In contrast, an observational study of healthy adults in the US compared diabetes rates in statin users versus nonusers. Despite statistical adjustments, these authors found that statin use increased the incidence of diabetes by a whopping 87%. Based on these findings, only about 10 patients would need to be treated with statins to cause 1 additional case of diabetes. That’s quite a difference compared to 255 patients based on the RCTs.

How can these results be so divergent?

One possibility is selection bias.

In a properly conducted RCT, the participants in the treatment and control arms are the same, so it can be assumed that the only thing driving differences in outcomes (in this case diabetes) is the treatment (in this case statins). In observational studies, the participants in the 2 groups may not be the same, despite efforts to make them so (i.e., propensity matching, logistic regression, etc.) and unrecognized factors other than statin use could be contributing to diabetes.

In other words, simply being selected—by a treating clinician—for treatment vs no treatment, may introduce biases that statistical adjustments cannot overcome.

Our Study

My colleagues and I wanted to assess the potential impact of selection bias on the issue of statin-induced diabetes in observational studies. The American Journal of the Medical Sciences published our study.

To do this, we used a national claims database from private payers in the US to create two groups of patients – one group was exposed to statins and the other was not. Exposure was based on prescription claims for statin drugs and patients could not have a history of diabetes prior to initiation of statin therapy.

Then, from the exposure group, we created a sub-group of ‘statin continuers’ and ‘discontinuers’ based on patients who did or did not fill a prescription claim for a statin drug after 6 months from the initial claim.

In both groups, (users vs nonusers and continuers vs discontinuers), we compared the incidence of diabetes after controlling for common confounders.

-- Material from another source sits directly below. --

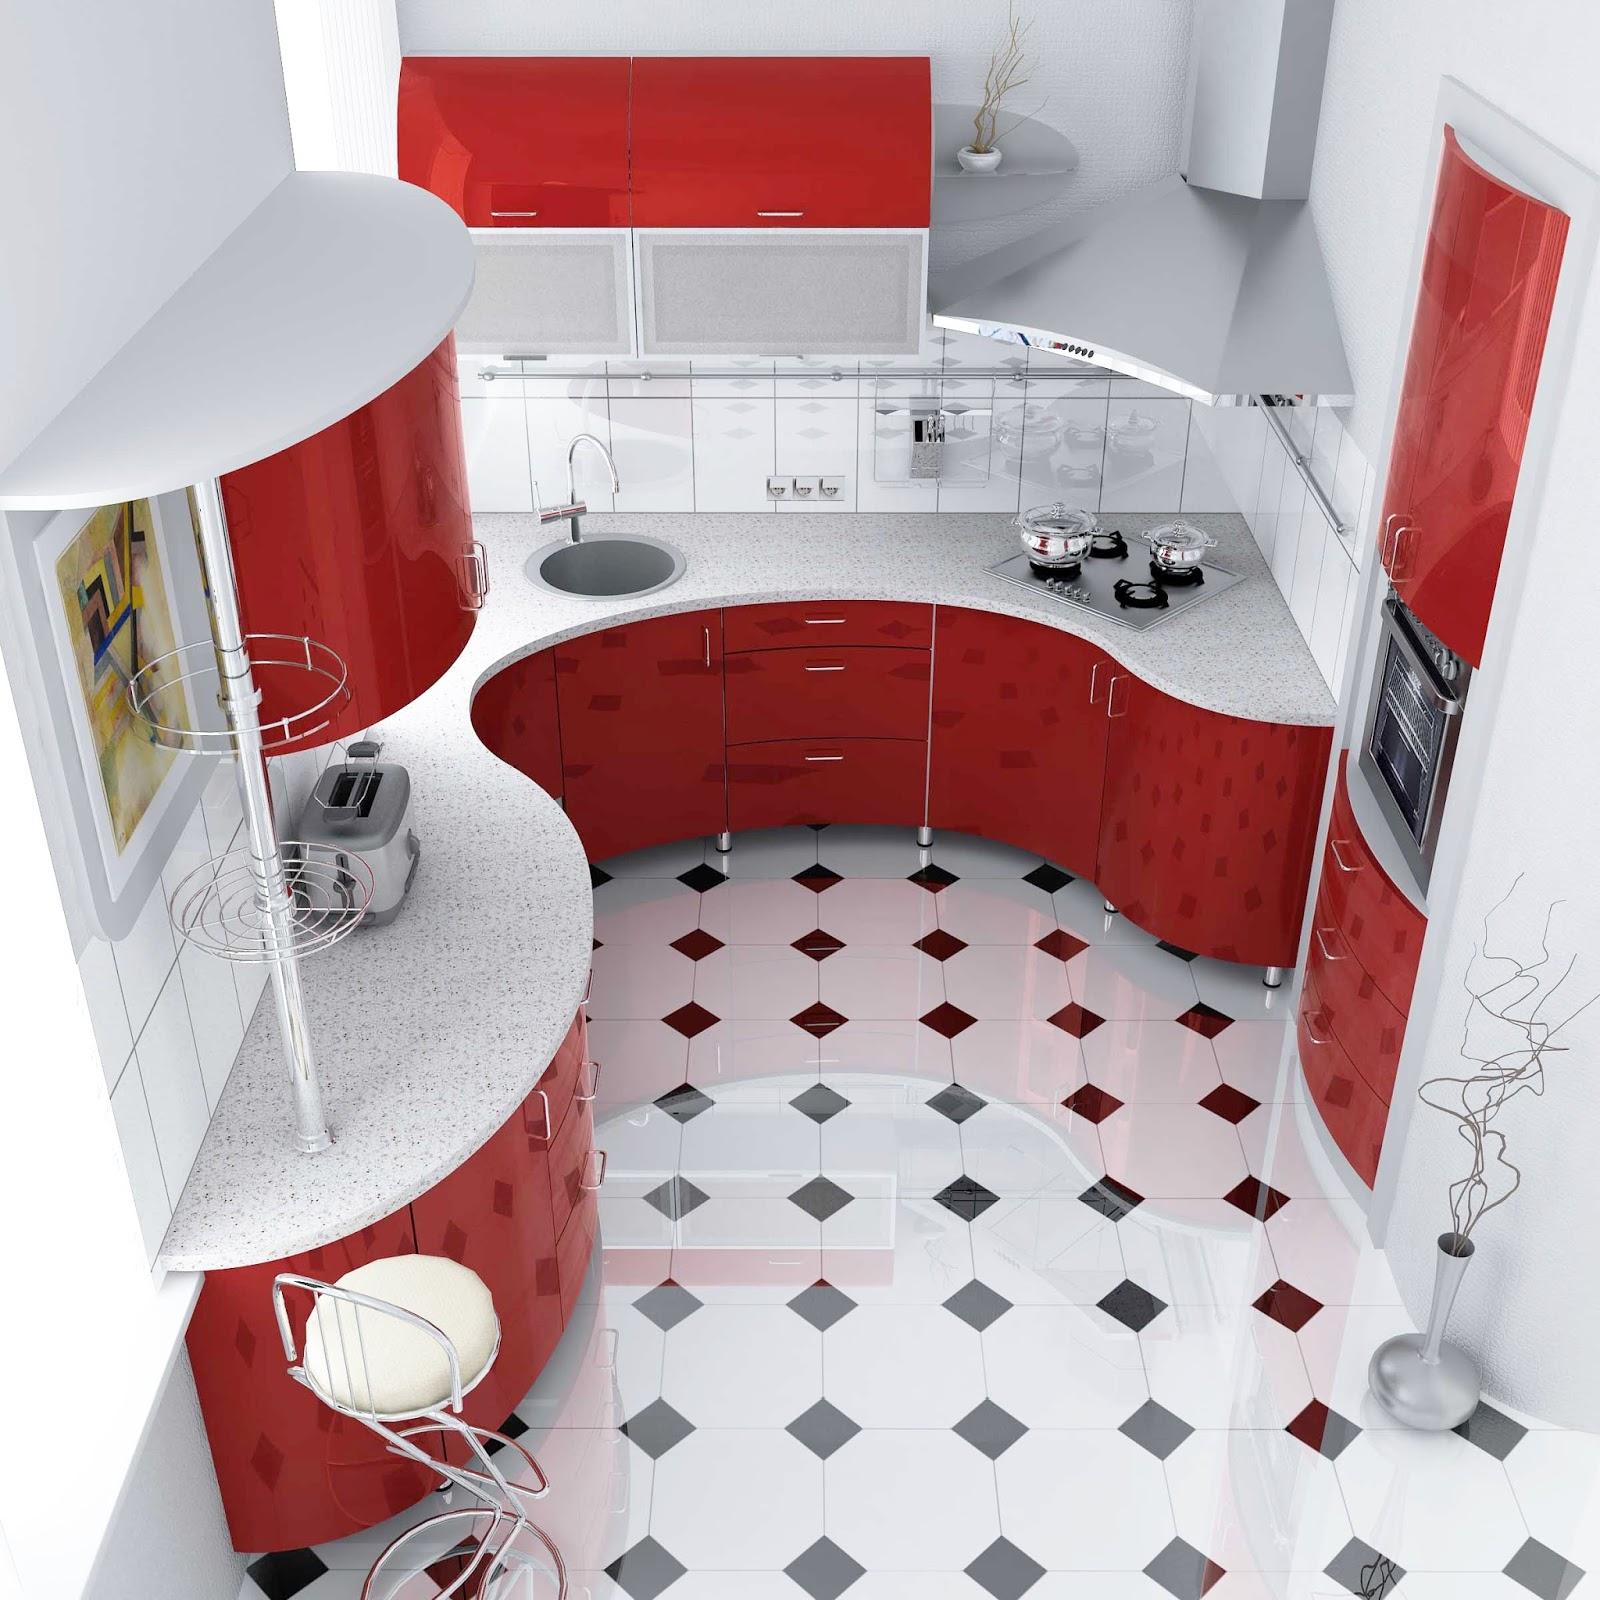 Best 55 Modular Red Kitchen Designs, Cabinets, Walls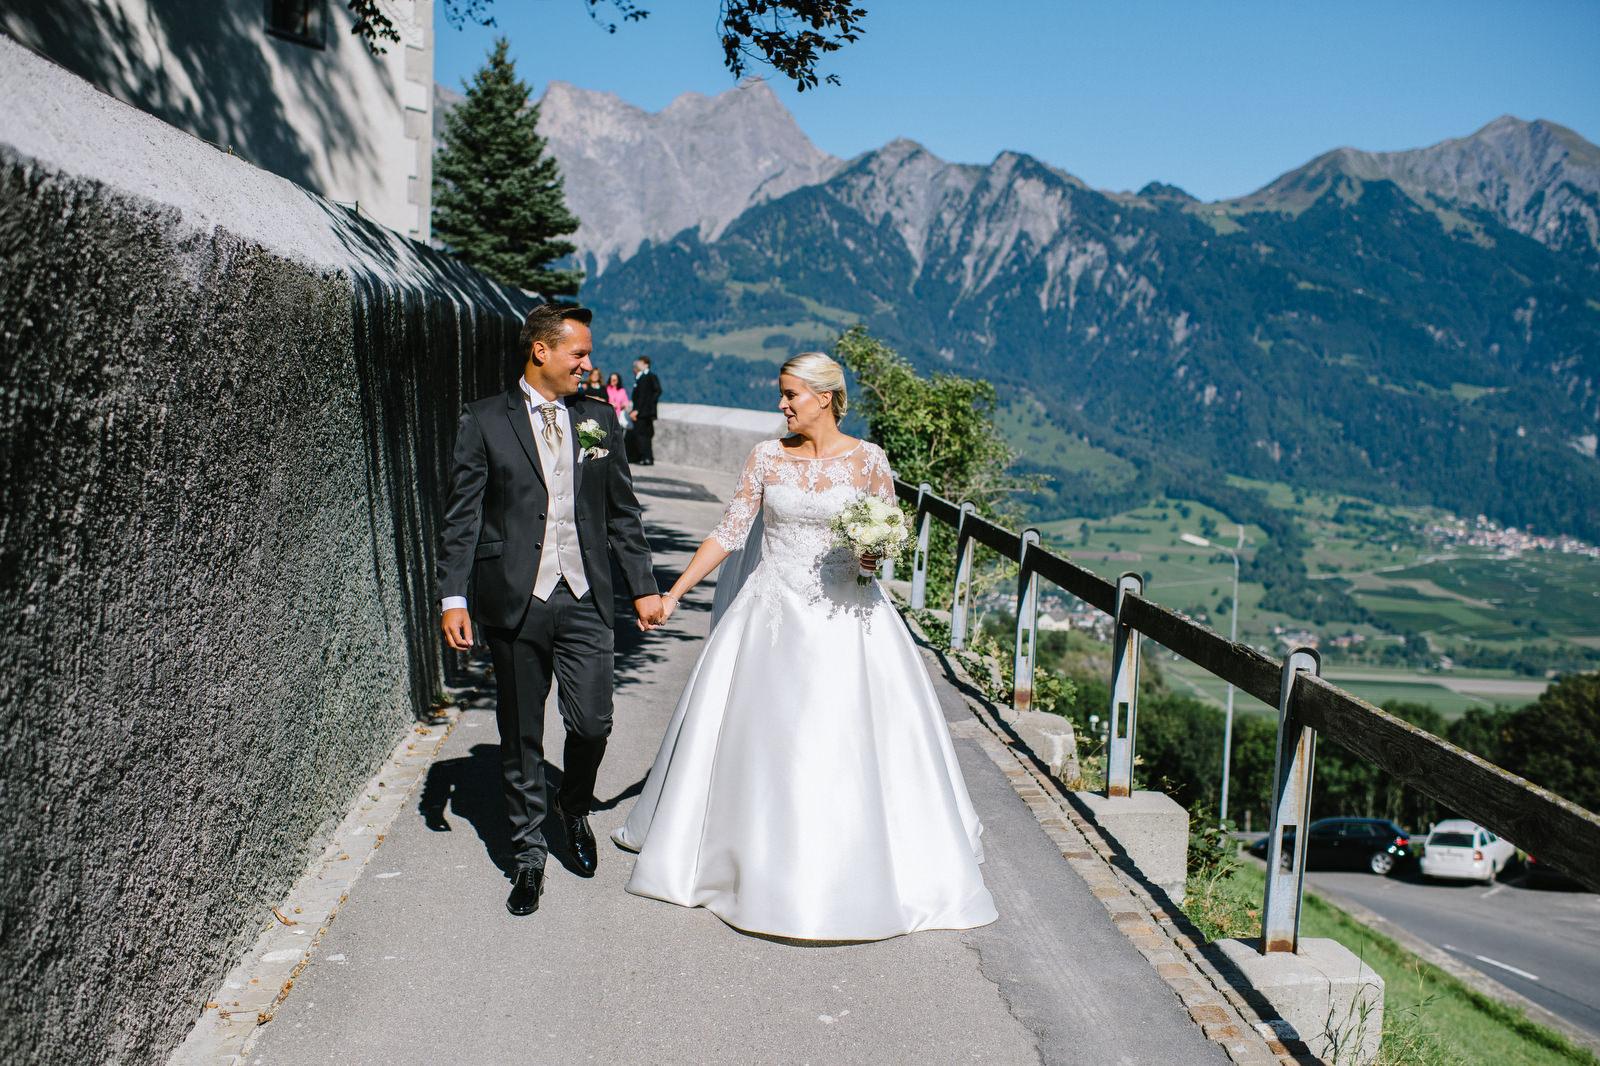 Fotograf Konstanz - Luxus Hochzeit Fotograf Grand Resort Bad Ragaz Schweiz Lichtenstein 093 - Destination wedding at the Grand Resort Bad Ragaz, Swiss  - 158 -

Our hypothesis was straightforward: if selection bias is a major contributor to the incidence of diabetes in observational study designs, then the association between statin use and diabetes will be much stronger in the statin exposed vs unexposed group than in the statin continuer vs discontinuer group. This is because all patients in the statin continuer vs discontinuer group would have been selected—by a clinician—for statin use.

Here is what we found

In statin users vs nonusers, statins were associated with a 120% increase in diabetes (hazard ratio [HR] 2.2) and this was highly statistically significant (P<0.001). About 18 patients would need to be treated with statins to develop 1 extra case of diabetes. These estimates align well with those reported in observational studies.

However, for statin continuers vs discontinuers (i.e., the comparison controlling for selection bias, which was otherwise done in the same manner as above) there was no statistically significant increase in diabetes (HR 1.03; 95% CI 0.98-1.1).

Furthermore, the absolute difference between groups was in the ballpark of the RCT estimates. Approximately 143 patients would need treatment with a statin to develop 1 extra case of diabetes.

Despite limitations of our analysis, which are described in the main paper and on a Twitter thread, we believe these results demonstrate how selection bias influences the results of comparative observational studies.

Finally, our findings support the notion that the incidence of statin-induced diabetes is similar to that observed in randomized trials. And its very small effect size is outweighed by the drug’s reduction in cardio-vascular events.